Lady village doctor shows way to transform basic healthcare
09 March 2016
Even as the world prepares to celebrate Women's Day today, a woman from Patonda, a small village in Jalgaon district of Maharashtra, who is a doctor, has been left disillusioned by the apathy of her seniors towards a project she has nurtured with her own money.
Dr Manisha Lalchand Mahajan has transformed her government-run Primary Health Centre (PHC) into a digital centre with money from her pocket as well as contributions from her staff. She has developed 'Arogyadootam 2016', a digital platform at the PHC - but her seniors have not only ignored her project but also not given her an appointment to make a presentation before them.
Dr Mahajan called it a typical example of discouraging the start-up and digital missions known to be close to Prime Minister Narendra Modi's heart.
Speaking from Patonda, a small village famous as the home of ancient Indian mathematician, Bhaskaracharya and renowned artist Keki Moos, Dr Mahajan told The Asian Age that Prime Minister Narendra Modi's 'Digital India' and 'Start Up India' missions had inspired her.
She said that with technical and software support from Vinod Parakh, a software developer, she had designed the Digital PHC, which, according to her, was the nation's first fully digital PHC which could be controlled and supervised even from an outside station using a cellphone.
''The PHC has latest digital pulse oxymeter, glucometer, blood pressure apparatus, thermometer, nebuliser, and digital weight machine.
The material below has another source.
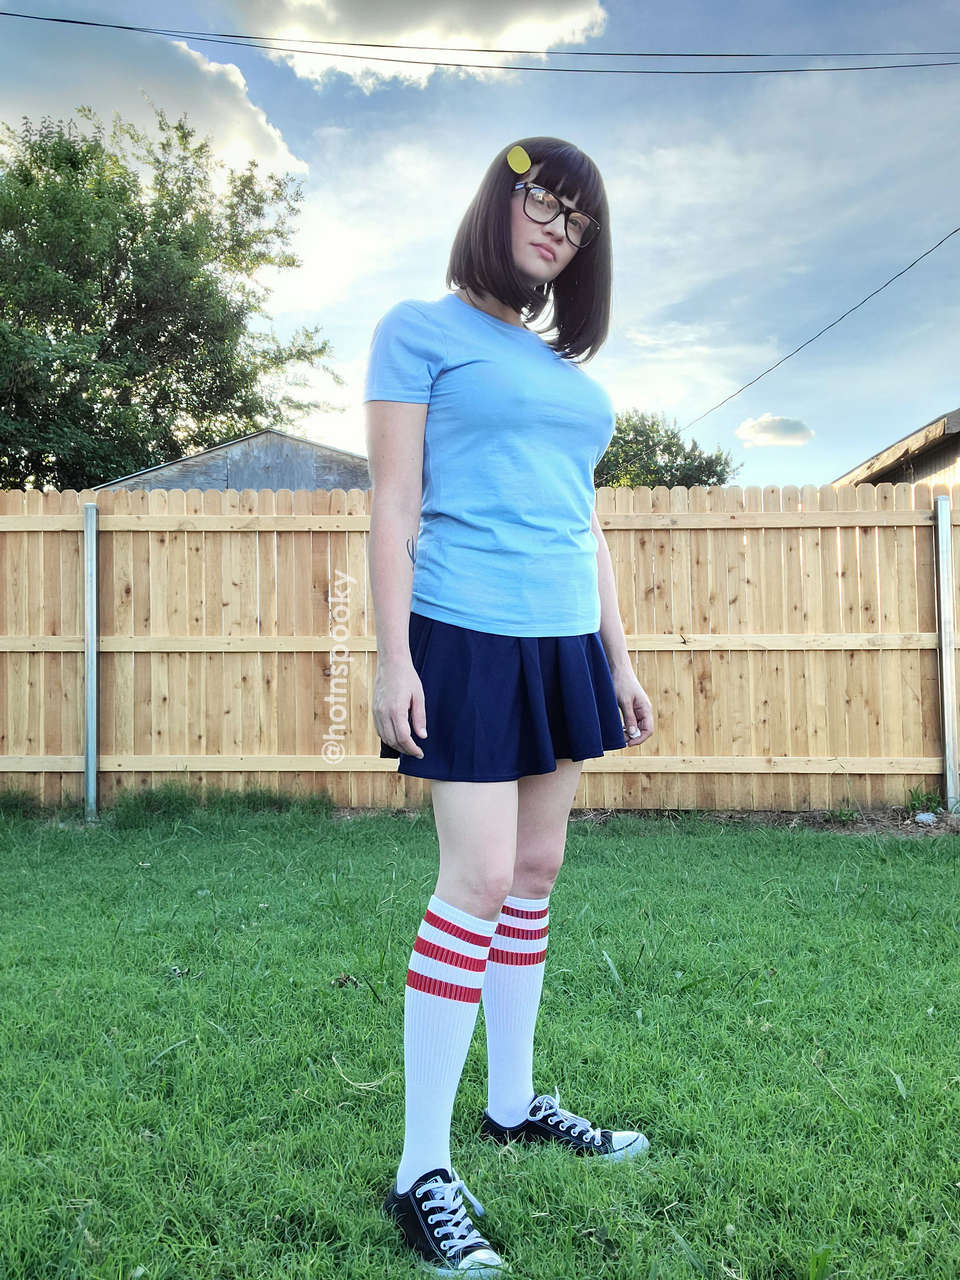 Tina Belcher From Bobs Burgers By Sophie Moo
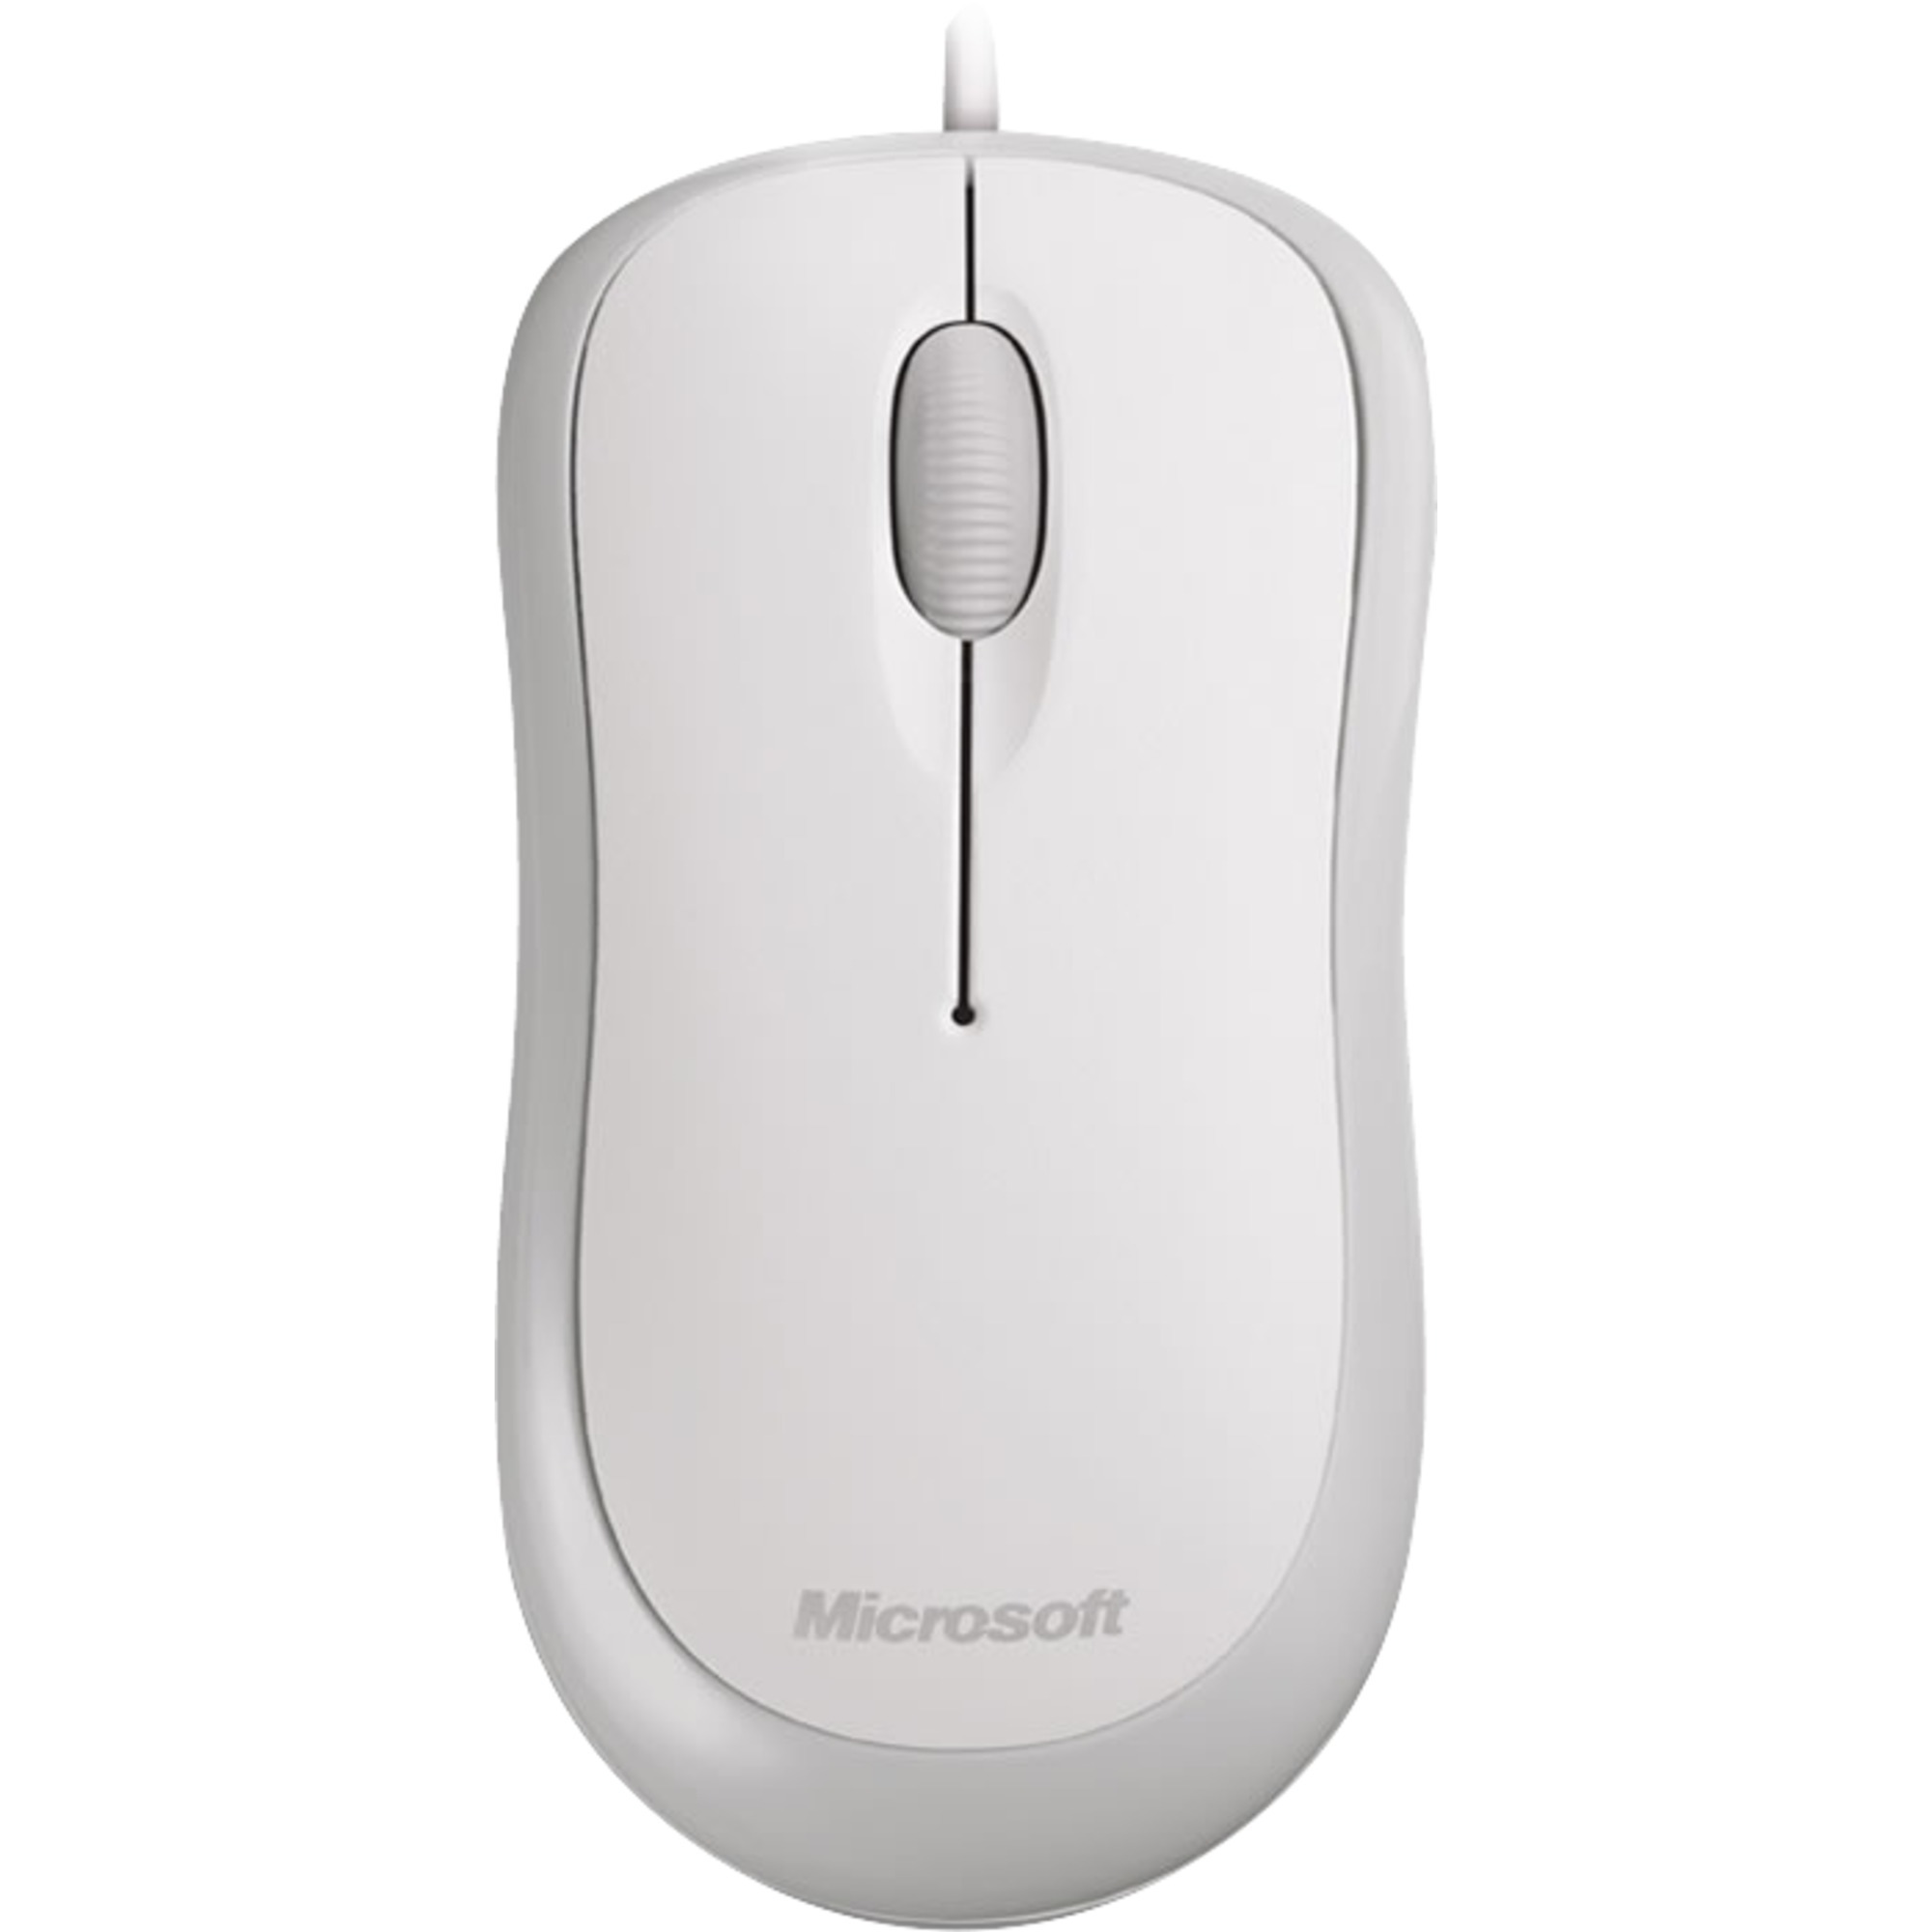 Image of Alternate - Basic Optical Mouse for Business, Maus online einkaufen bei Alternate

Moreover, the software can also test water samples from tube wells, rivers and hand pumps which are a major cause for the spread of water-borne diseases,'' she said.
Dr Mahajan further said that the transformation of the PHC has been so complete that a well-laid-out garden and clear-cut markings and signboards are not only easy to understand for rural people, they are a pleasant surprise for any visitor to the PHC.
Digital PHC software ensures proper registration of patients at the out-patients' department (OPD), complete digital records of pathology and health records of patients, and online pharmacy browser for searching medicines.
The software also gives out alerts to mothers and parents for vaccination of children, a system that keeps real time tabs on medical stocks, section-wise monthly reports, setting targets and reminders for doctors at the PHC.
With no response from the district administration and seniors from the health department, a frustrated Dr Mahajan said, ''I tried to make a presentation before the district health officer and chief executive officer of Jalgaon Zilla Parishad, but they did not respond to me. It's nothing but gender bias.''
She also said that seniors did not like the fact that credit would go to an employee working at a very low level.
Upon being informed about the experiment, Jalgaon collector, Rubal Agrawal, despite being a woman, did not respond.
Meanwhile, Girish Mahajan, minister from Jalgaon, heaped praise on Dr Mahajan saying, ''If such type of PHCs are developed across the state, the health ratio will improve and villagers will get quality treatment, putting an end to corrupt practices at PHCs.''
But he did not say what his government would do to encourage their spread.